To sanity-check where 100% landed, I ran the html5lib tests against the other parsers. I found that no other parser passes 90% coverage, and that lxml, one of the most popular Python parsers, is at 1%. The reference implementation, html5lib itself, is at 88%. Maybe this is a hard problem after all?

Shipping it as a library (CI, releases, selector API)#

Finally, to make this a good library I asked the agent to set up CI, releases via GitHub, a query API, write READMEs, and so on.

from justhtml import JustHTML, query

doc = JustHTML("<div><p>Hello</p></div>")
elements = query(doc, "div > p")

Decided to rename the library from turbohtml to justhtml, to not fool anyone that it's the fastest library, and instead focus on the feeling of everything just working.

What the agent did vs. what I did#

After writing the parser, I still don't know HTML5 properly. The agent wrote it for me. I guided it when it came to API design and corrected bad decisions at the high level, but it did ALL of the gruntwork and wrote all of the code.

I handled all git commits myself, reviewing code as it went in. I didn't understand all the algorithmic choices, but I understood when it didn't do the right thing.

As models have gotten better, I've seen steady increases in test coverage. Gemini is the smartest model from a one-shot perspective, while Claude Opus is best at iterating its way to a good solution.

Practical tips for working with coding agents#

Start with a clear, measurable goal. "Make the tests pass" is better than "improve the code."
Review the changes. The agent writes a lot of code. Read it. You'll catch issues and learn things.
Push back. If something feels wrong, say so. "I don't like that" is a valid response.
Use version control. If the agent goes in the wrong direction, you can always revert.
Let it fail.
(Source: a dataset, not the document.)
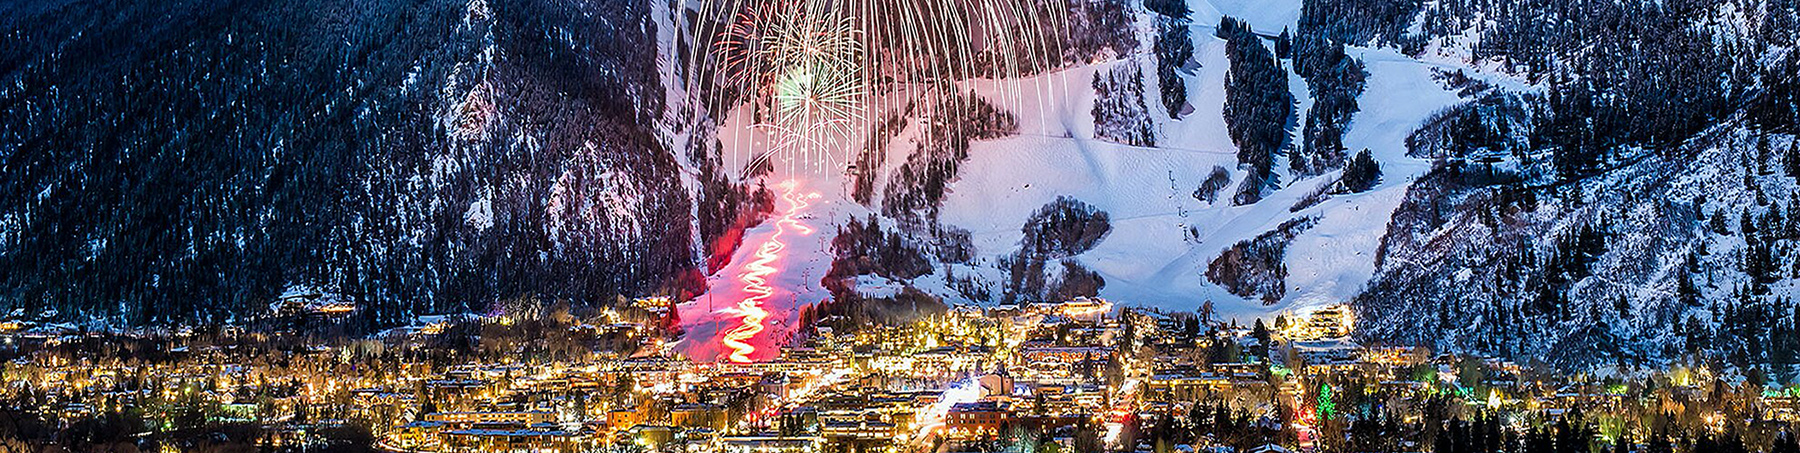 Fireworks are just one of the spectacles celebrating winter on Ajax Mountain in Aspen
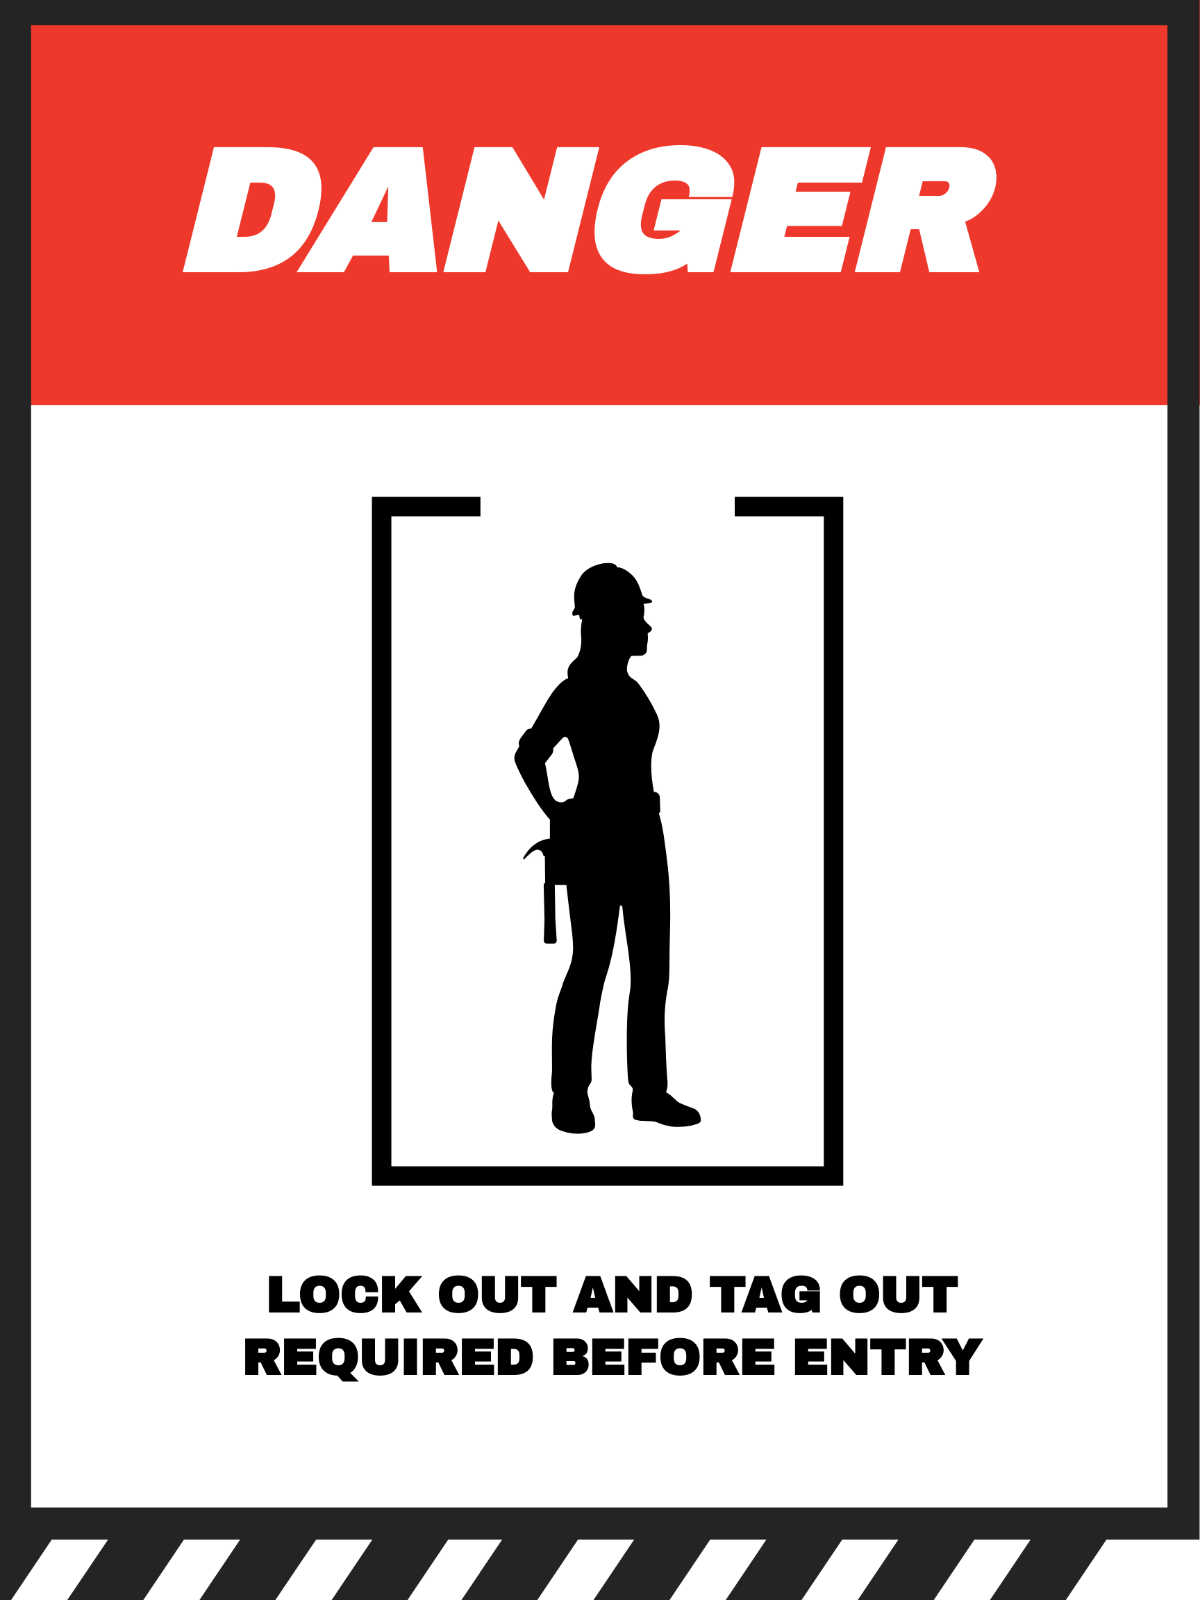 Danger Confined Space/Keep Locked Stanchion Sign Template

Running a command that fails teaches the agent something. Don't try to prevent all errors upfront.

Was it worth it (and what “quickly” meant)?#

Yes. JustHTML is about 3,000 lines of Python with 8,500+ tests passing. I couldn't have written it this quickly without the agent.

But "quickly" doesn't mean "without thinking." I spent a lot of time reviewing code, making design decisions, and steering the agent in the right direction. The agent did the typing; I did the thinking.

That's probably the right division of labor.